In September 2012 capitalizing on low water levels in Warsaw’s Vistula River, police teamed up with archaeologists to recover gigantic marble and alabaster treasures that apparently had been stolen from royals in Poland by Swedish invaders in the mid-17th century.
A police Mi-8 helicopter hovered over a riverbed on September 18th 2012, lifting ornaments such as the centerpiece of a fountain with water outlets decorated with Satyr-like faces. For police, it was gratifying to provide the chopper and assist Warsaw University archeologists in “this very important mission of retrieving priceless national treasures,” said Mariusz Mrozek, a spokesman for Warsaw police.
Archaeologists have long known that such well-preserved treasures were located in the riverbed in the Warsaw area, but not exactly where. The archeologists and frogmen, led by Hubert Kowalski, have previously retrieved some of the stolen stone ornaments from the Vistula riverbed in three years of searching for the sunken treasures. But only now, with the river much lower than normal, thanks to recent heat waves and droughts, their findings have become spectacular.
“This is a precious find. These elements were stolen from Warsaw’s royal residences and palaces,” said Marek Wrede, a historian at the Royal Castle.
The valuable artistic objects — marble floor tiles, parts of archways and columns — were robbed from Warsaw by the Swedes who overran the nation in mid-17th century and took heavy loads of spoils from across the country. Today’s items probably came from the Royal Castle and from a royal country residence, the Kazimierz Palace. The artifacts probably were being carried by a barge that sank, one of the many such vessels that ferried loot down the river to the Baltic Sea and to Sweden.

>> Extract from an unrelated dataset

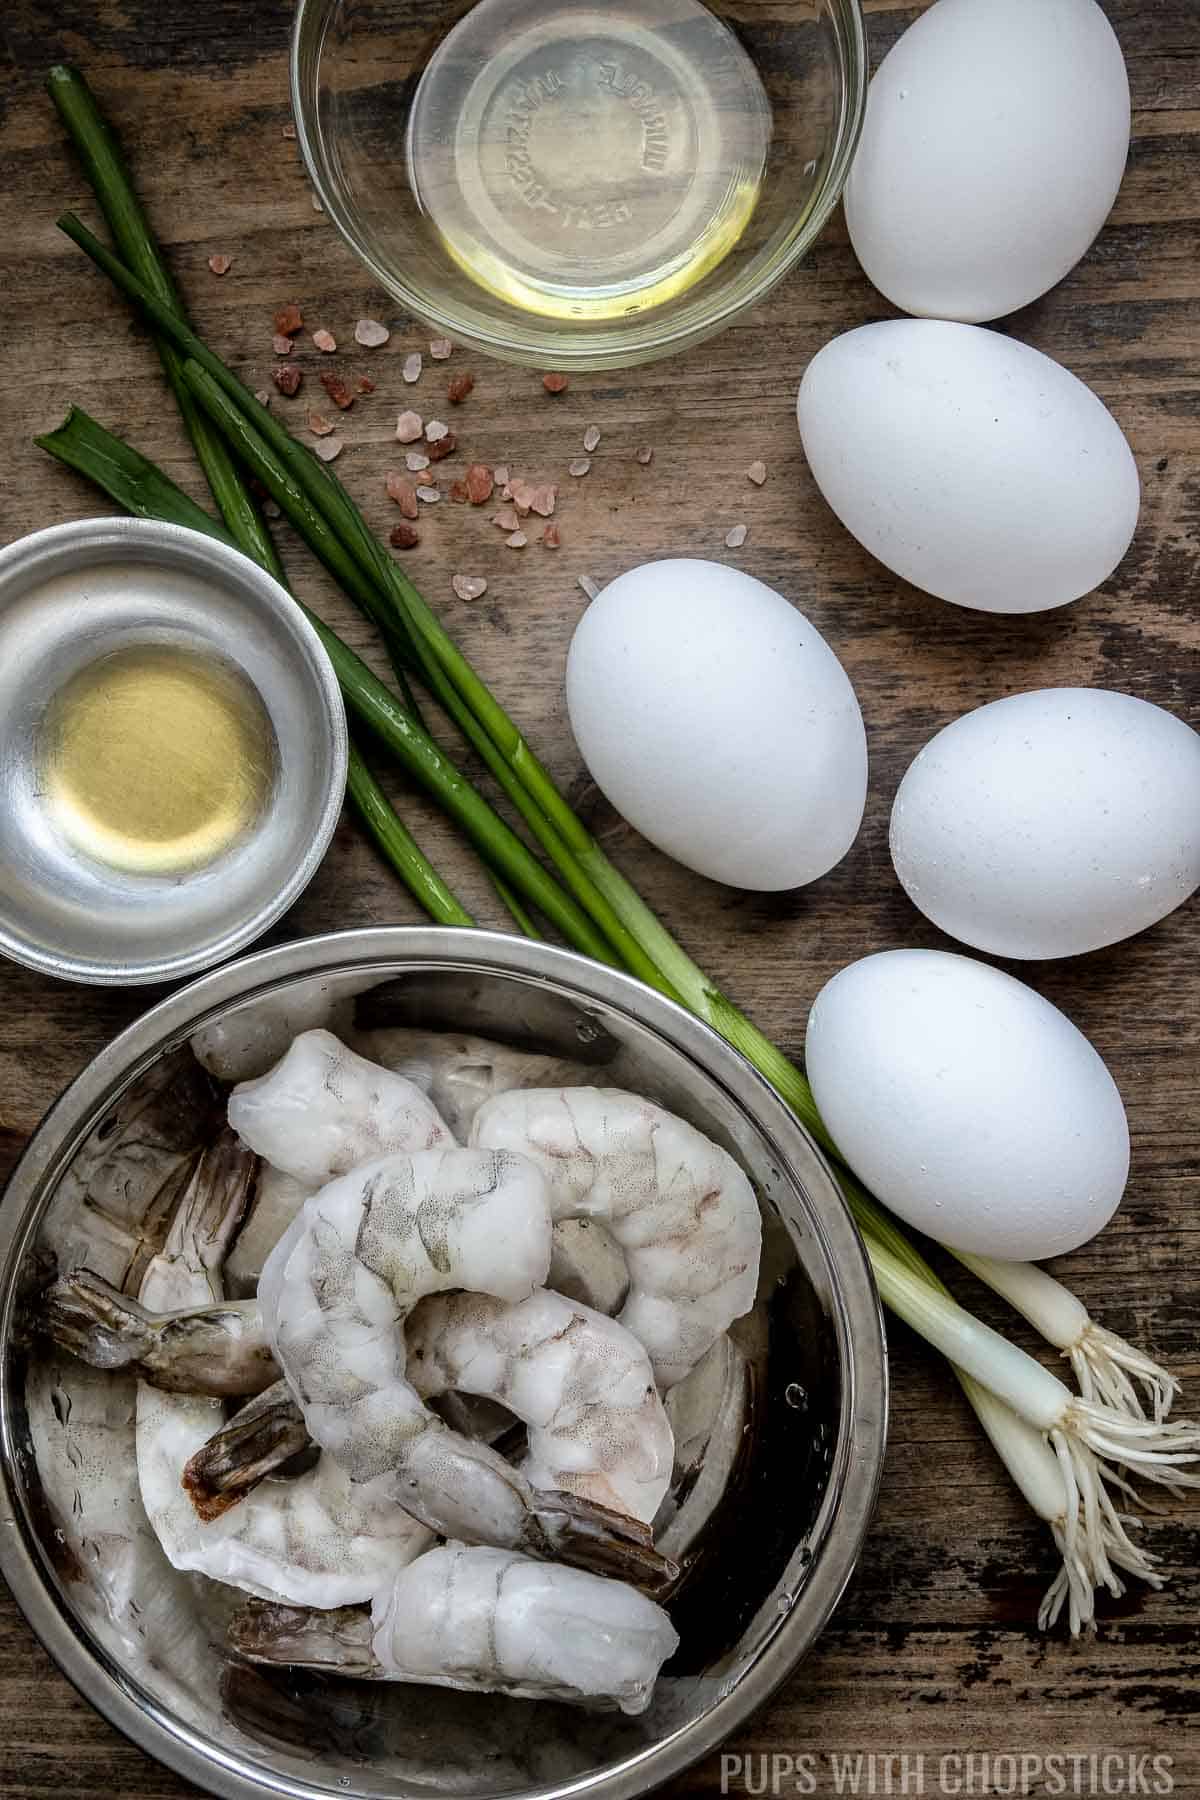 Mise en place for Chinese scrambled egg stir fry with shrimp (eggs, shrimp, sesame oil, salt, green onions, oil)

The find is precious for Poland, which has been repeatedly plundered by neighboring armies over the centuries, including Nazi Germany and the Soviet Red Army during World War II.

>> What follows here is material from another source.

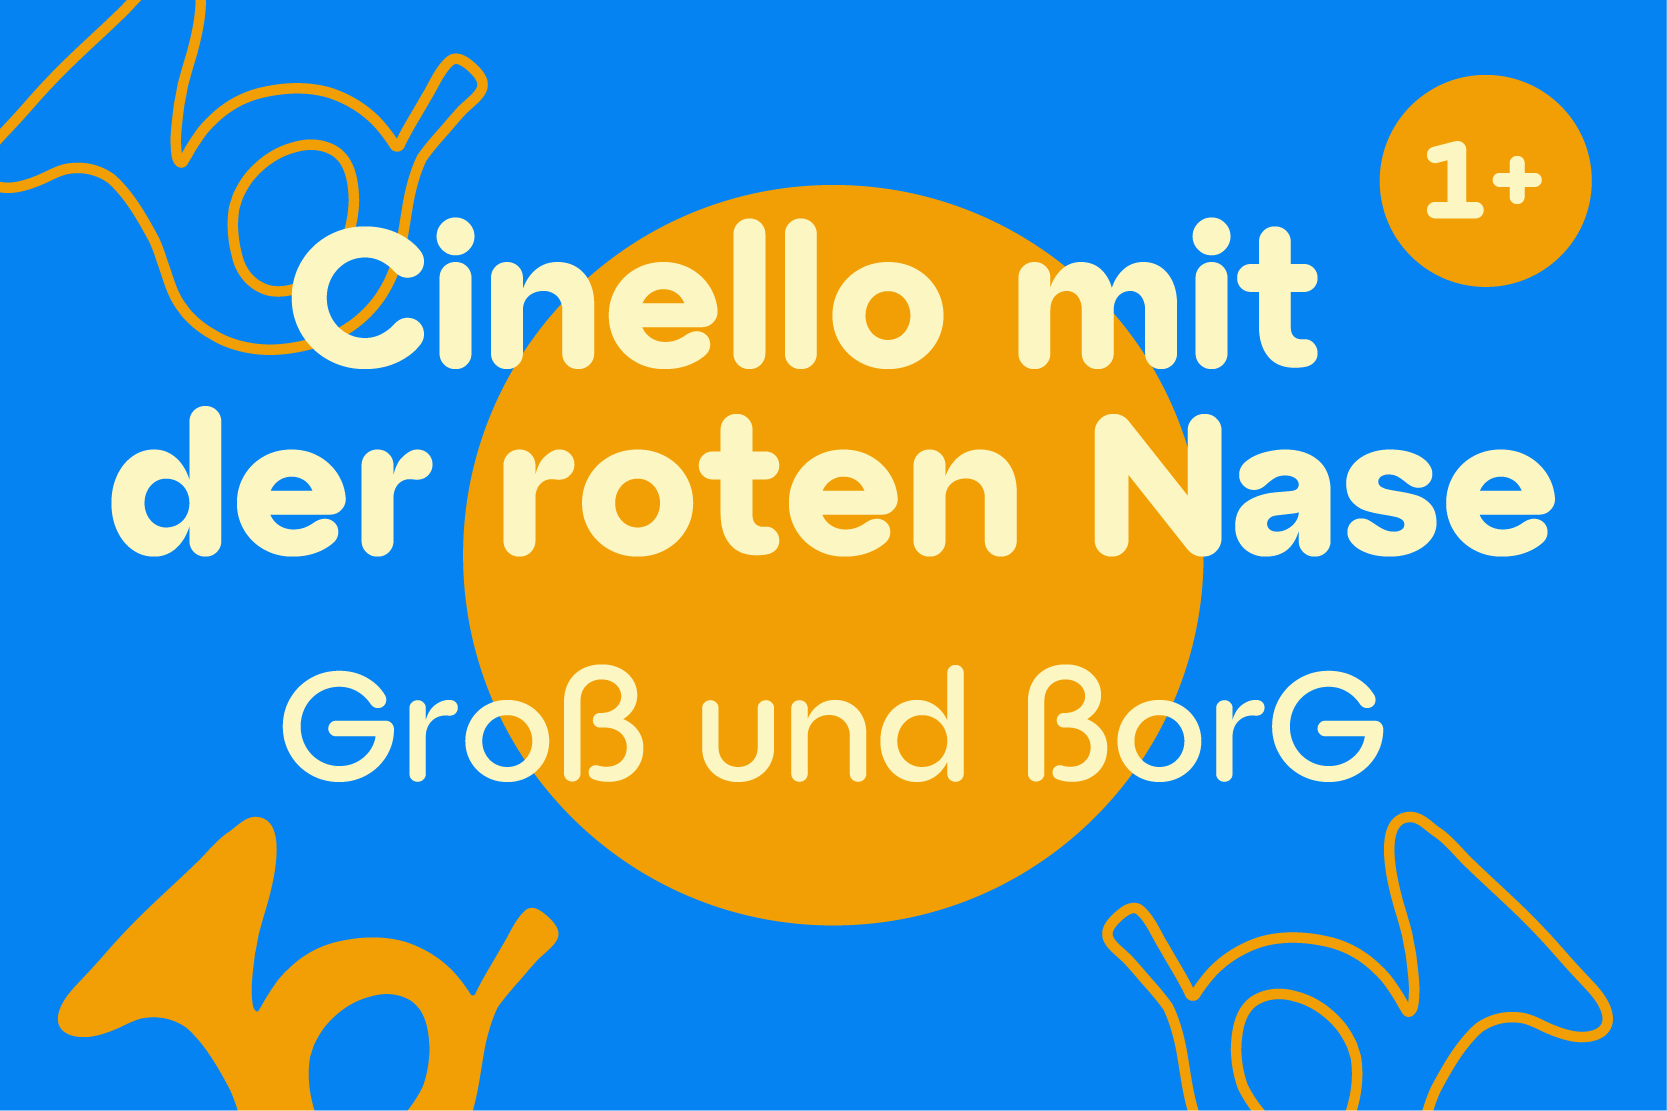 Cinello - Gross und ßorG

Kowalski said he knew about the hidden artifacts from 17th-century letters that mentioned barges that had sunk in the area. First word of where the treasures might be came in 1906 when sand barge operators discovered some items, but could retrieve only a few of them. Kowalski said his team is now busy cleaning the newly retrieved items, which are “very well preserved, given the 350 years in water.”
“We don’t know much about the royal residences from the 17th century,” Kowalski said. The discovery should be a boon “for historians and art historians, for conservators—for everybody.”